The respondent, who was the Secretary of the Union, was looking after the case on behalf of the workers, while PWs 5 and 7 were the officers appearing on behalf of the management before the Tribunal. The deceased, S.J. Sirgaonkar, was Deputy Personnel Manager of the Bombay Branch of M/s. Hindustan Construction Company. He was shot dead by the respondent after he (deceased), alongwith the other officers of the management, had come out of the Tribunal's office at Meerut after filing their written statements. Thereafter one of the eye-witnesses, S.K. Gui (PW 7) asked someone to give a telephone call to the police station, which was nearby, on receipt of which the police arrived at the spot, seized the pistol and took the accused and some of the witnesses to the police station where a form FIR was registered. The Panchanama was prepared and other formalities were, however, done at the spot.

The learned Sessions Judge, after a careful consideration of the evidence of the three main eye- witnesses (PWs 5, 6 and 7) as also the evidence of Durga Das (DW 1), came to a clear conclusion that the prosecution case against the respondent was fully proved and accordingly be convicted the respondent under 5 s. 302, I.P.C. and sentenced him to imprisonment for life.

He also convicted the respondent under s. 25(1)(a) of the Indian Arms Act and sentenced him to one year's R.I. The respondent went up in appeal to the High Court against the decision of the Sessions Judge which was reversed by the High Court and the respondent was acquitted of the charges framed against him.

Normally, this Court does not interfere against the judgment of a High Court purely on appreciation of evidence.

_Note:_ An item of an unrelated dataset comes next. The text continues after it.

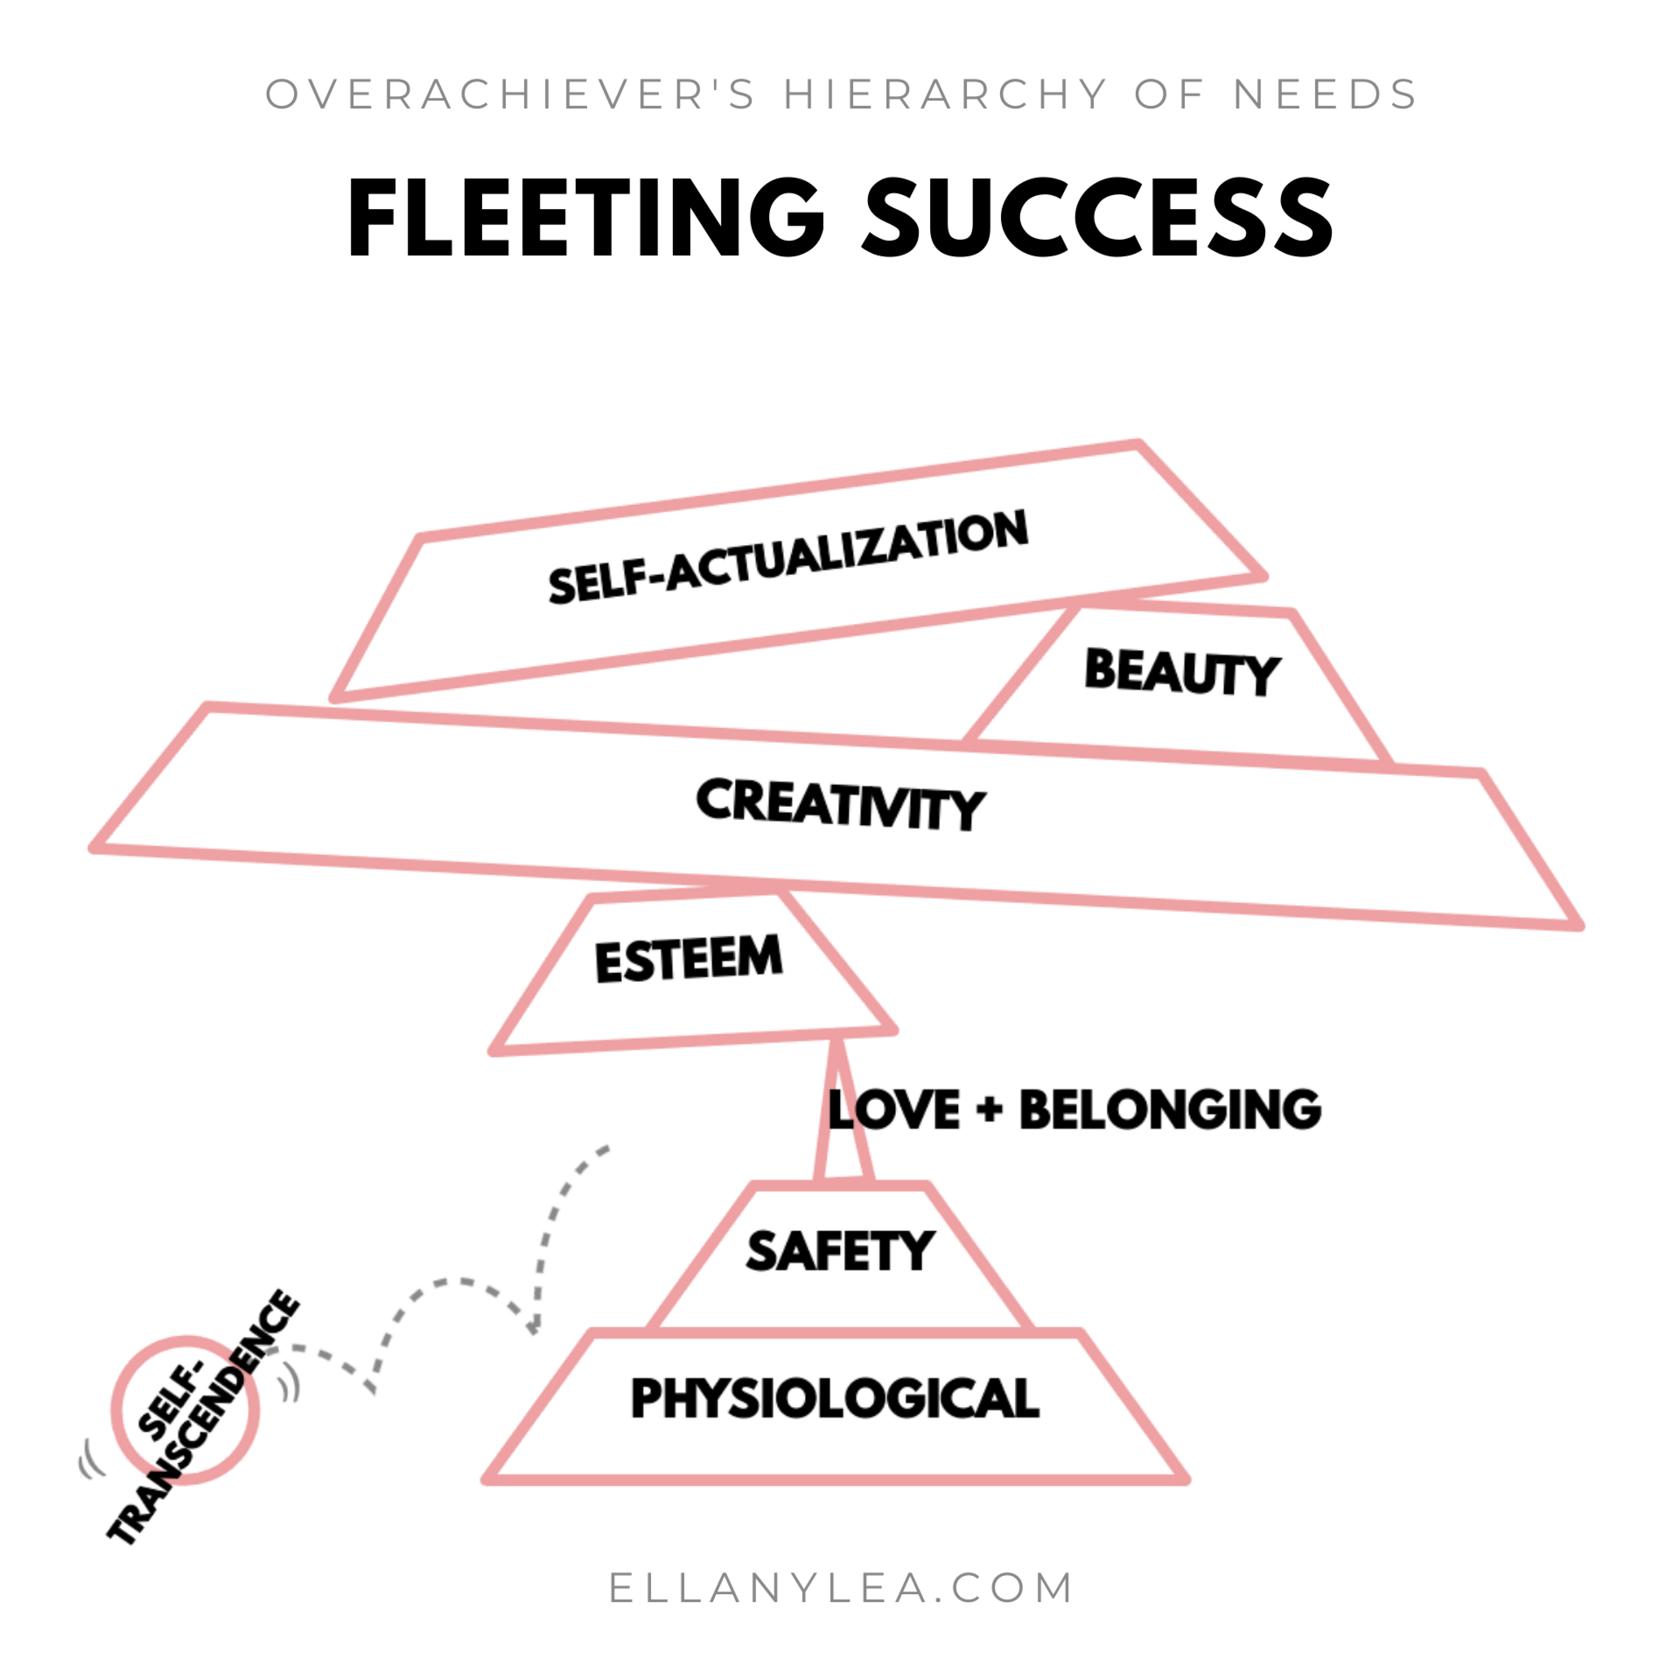 EL - Overachievers Hierarchy of Needs - Success Fleeting

But, in this case, there appears to be very special circumstances which have been either overlooked or not considered by the High Court. Besides this, the High Court does not appear to have examined the intrinsic merits of the evidence of the witnesses but has proceeded to acquit the respondent on general grounds which, we shall show hereafter, are wholly untenable.

It appears that July 5, 1977 was the date fixed in the Industrial Tribunal, Meerut for the parties to file their written statements and in this connection the deceased alongwith the other eye-witnesses (PWs 5, and 7) attended the Tribunal and PWs 5 and 7 filed their written statements.

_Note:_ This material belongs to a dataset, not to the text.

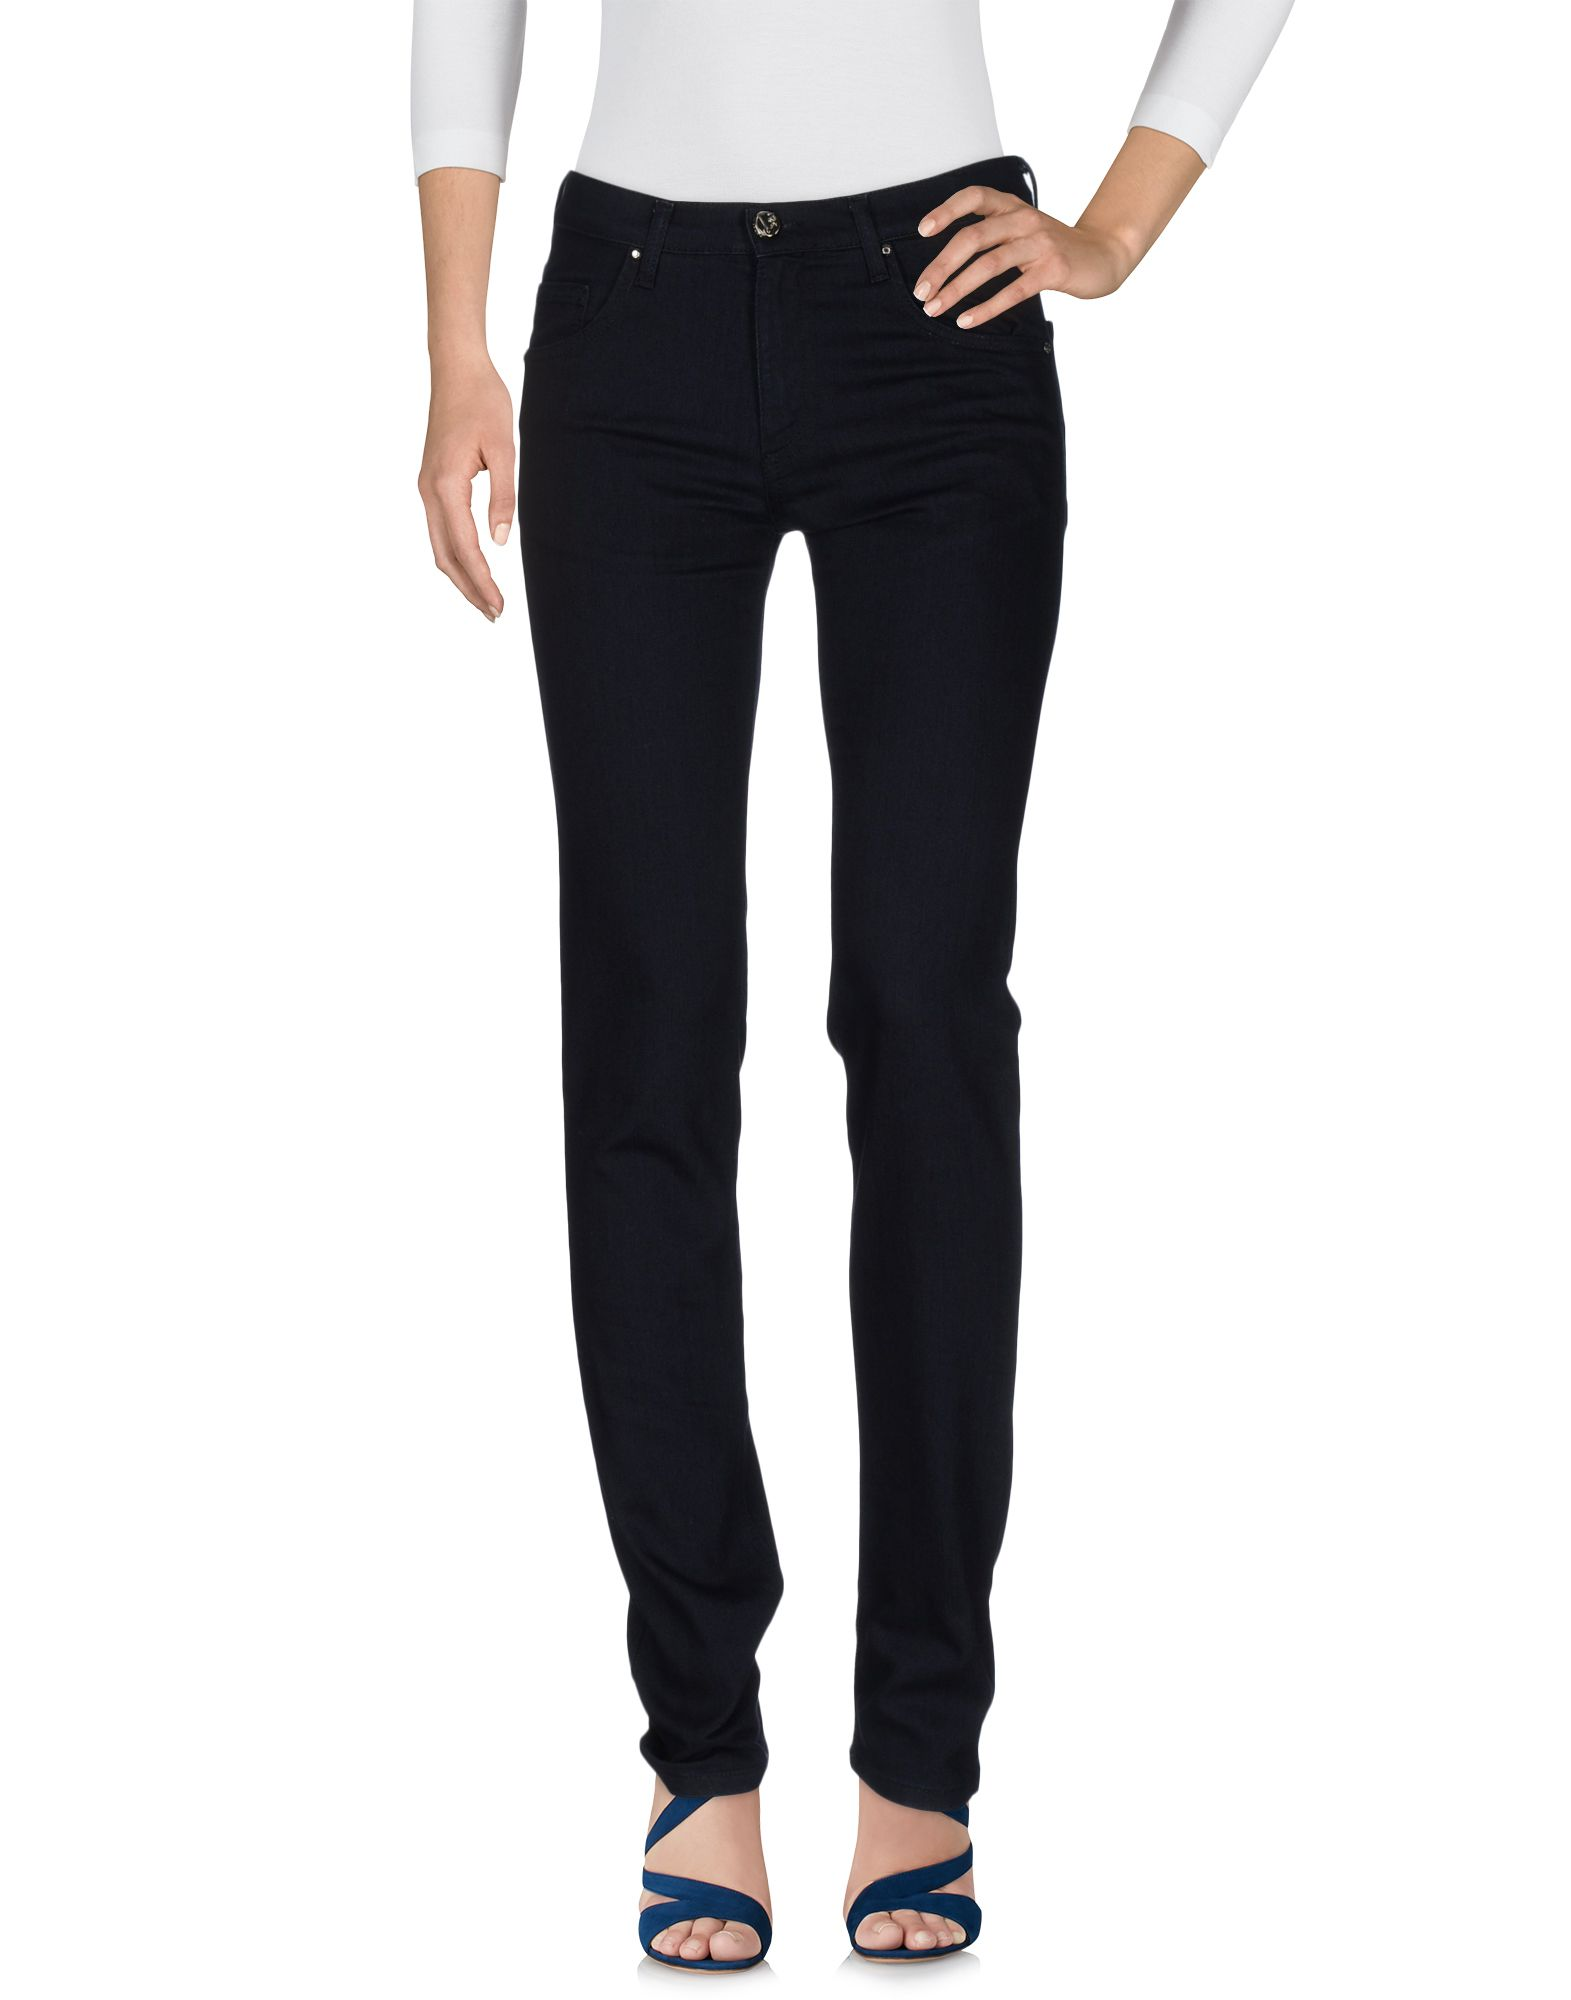 VERSACE JEANS Damen Jeanshose Farbe Dunkelblau Größe 6 - broschei

P.W. 6 was, the standing counsel of the Company and had been representing the same in all labour disputes concerning the Company. The respondent was holding the post of hydel lineman of the Project and was the Secretary of the labour Union. DW 1, Durga Das, who was also at the spot was the Vice-President of the said Union.

It appears that after filing the written statements at about 11.30 a.m. the witnesses and the respondent came out of the court premises and were talking between themselves.

As soon as the respondent and Sirgaonkar (the deceased) reached the main gate of the Tribunal building, the respondent is alleged to have taken out a country-made pistol and fired five shots one after the other in quick succession, with the result that Sirgaonkar fell down and died at the spot. Thereafter, the respondent threw away the pistol but he was surrounded by the witnesses and later handed over to the police on their arrival. It is also alleged by the prosecution that while the firing was going on a telephonic message was sent to the police station Civil Lines, Meerut about the firing and it was received by Masroor Ali, PW 9, who made an entry to that effect in the general diary at 11.39 a.m. The telephonic information merely conveyed the fact that gunshots 6 were being fired on receipt of the information, PW-10. Ram Datt Gautam, the Sub-Inspector of Police, proceeded to the place of occurrence and found the body of Sirgonkar Lying outside the main gate of the Tribunal building and the respondent being apprehended by the witnesses. The police officer took the accused into custody and proceeded to the police station alongwith PW 7, S.K. Gui, where a regular FIR was registered. The usual proceedings about the postmortem and inquest the followed and after a thorough investigation the police submitted a charge-sheet against the respondent which resulted in his conviction by the Sessions Judge.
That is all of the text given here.